Length of rosemary cuttings and area of their leaves did not show marked effect with continuous application of IBA. This indicated 1- A negligible affect of long application of low concentrations of IBA on the morphology of the cutting 2- Over all metabolites were directed to rooting. These results agreed with those of Hussein [48]. Fresh and dry weight of rosemary cuttings leaves significantly increased with IBA concentrations. The maximum increase was at 10 ppm. The increase in the vegetative growth of rosemary due to IBA treatments was also found by Singh et al. [21] on Gardenia lucida . Sharma et al. [30] reported that IBA improved plants vegetative growth.
The photosynthetic pigments chlorophyll a, b and carotenoids of rosemary leaves was affected by continuous soaking of cuttings in IBA. Chlorophyll a metabolism was accelerated by the increase in IBA concentration with a maximum at 20 ppm that was higher by 19.4% compared to control. These results are in agreement with those obtained by Abu-Grab and Ebrahim [32] and Abdel-Wahed et al. [33]. The metabolism of chlorophyll b and carotenoids on the opposite was mostly inhibited and the resulted decreases reached to 26.8% and 16.8% at 5 ppm concentration of IBA. Similar effects have been reported by Wiesman and Lavee [37] and Abu-Grab and Ebrahim [32]. Total pigments were increased with IBA concentrations as a result of the marked increase in chlorophyll a over the decrease of the other pigments. This was also confirmed by the increase in chlorophyll a/b and chlorophyll (a+b)/c ratios. The highest increase in the previous ratios was in chlorophyll a/b especially at 10 ppm where it was by 37.5%.

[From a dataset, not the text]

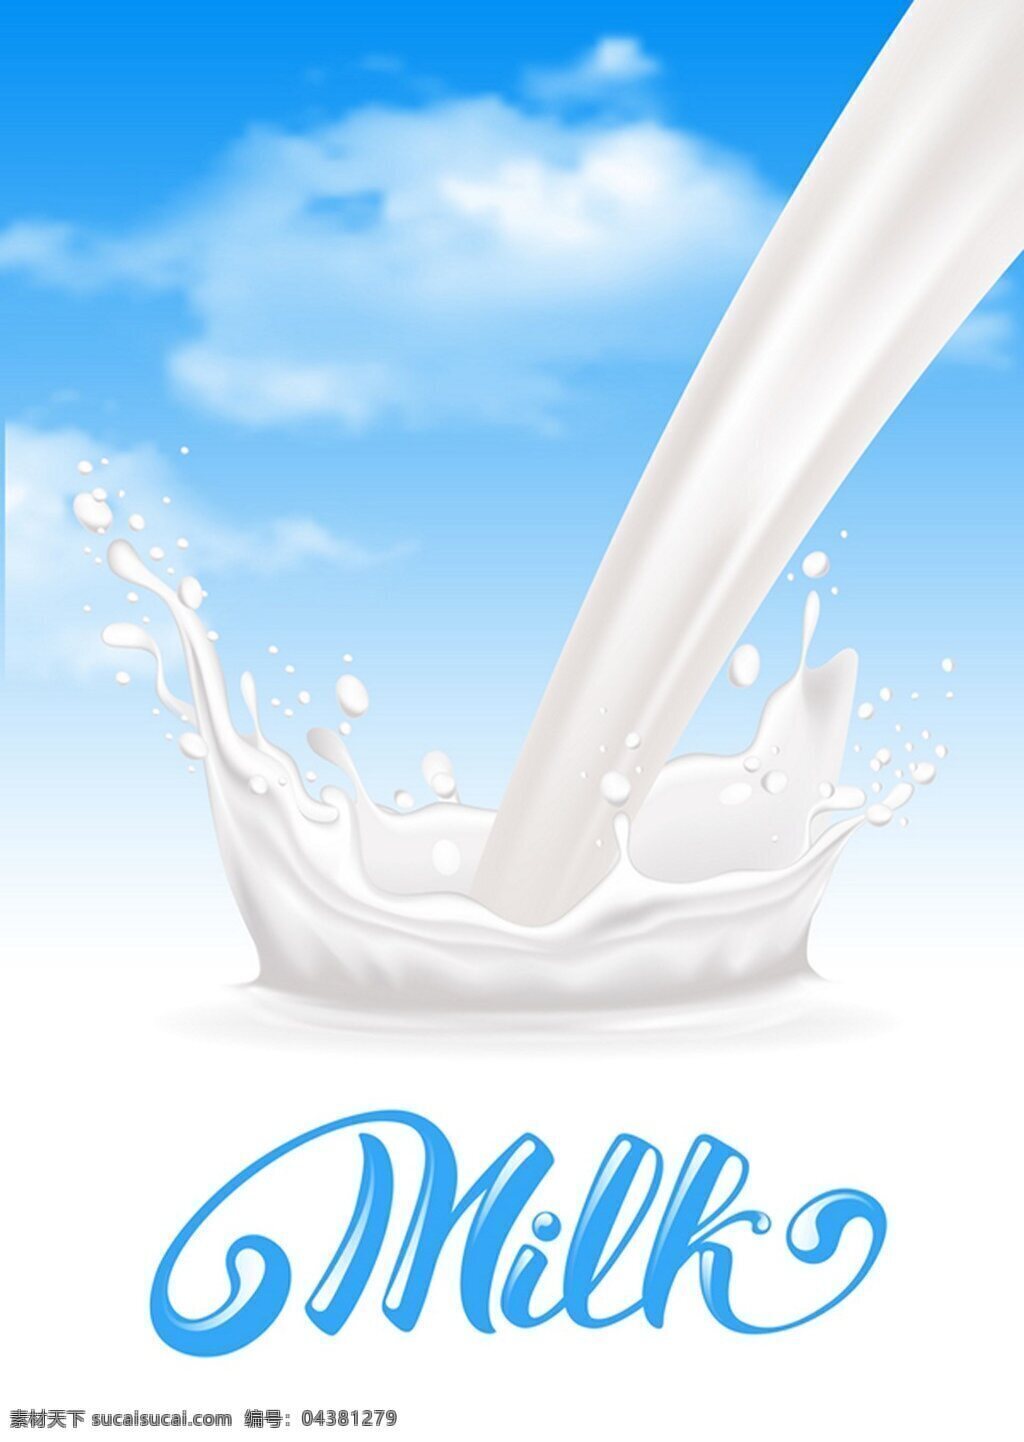 牛奶广告背景 饮料 水 牛奶 蓝色背景

The prolonged application of the used low concentrations of IBA had no effect or slightly increased rosmarinic acid of rosemary leaves. The maximum increase (14% compared to control) was at 15 ppm. Which agree with results of Reda et al. [49]. Continuous soaking of rosemary cuttings in IBA inhibited the metabolism of alkaloids which decreased by 42.7% at 10 ppm IBA concentration. Creus and Barcklo [50] found slight decrease in the alkaloids content by IBA on Nicotiana rustica
The marked increase in response to prolonged IBA application was in the phenolic compounds of rosemary leaves. The 15 ppm concentration of IBA led to 68.3% increase compared to control. Qaddoury and Amssa [46] reported that phenolic compounds increased immediately after IBA treatment. Saponin in rosemary leaves accumulated only at high concentrations of IBA and Kim et al. [44] found stimulation in saponin accumulation by similar treatments.
The number and character of the induced roots by IBA at specific time correlation coefficients showed significant correlations between cut length, water content, chlorophyll a, total pigments and rosmarinic acid. Also, the content of rosmarinic acid in the rosemary leaves was found to be sensitive to the water content and photosynthetic pigments of the cuttings. Mortality of cuttings which soaked continuously in IBA decreased with increasing concentration until it reached zero by 5 ppm IBA after it mortality increased again with the increase in IBA concentration, which suggesting this concentration for reserving the plant cuttings during manipulation during transportation.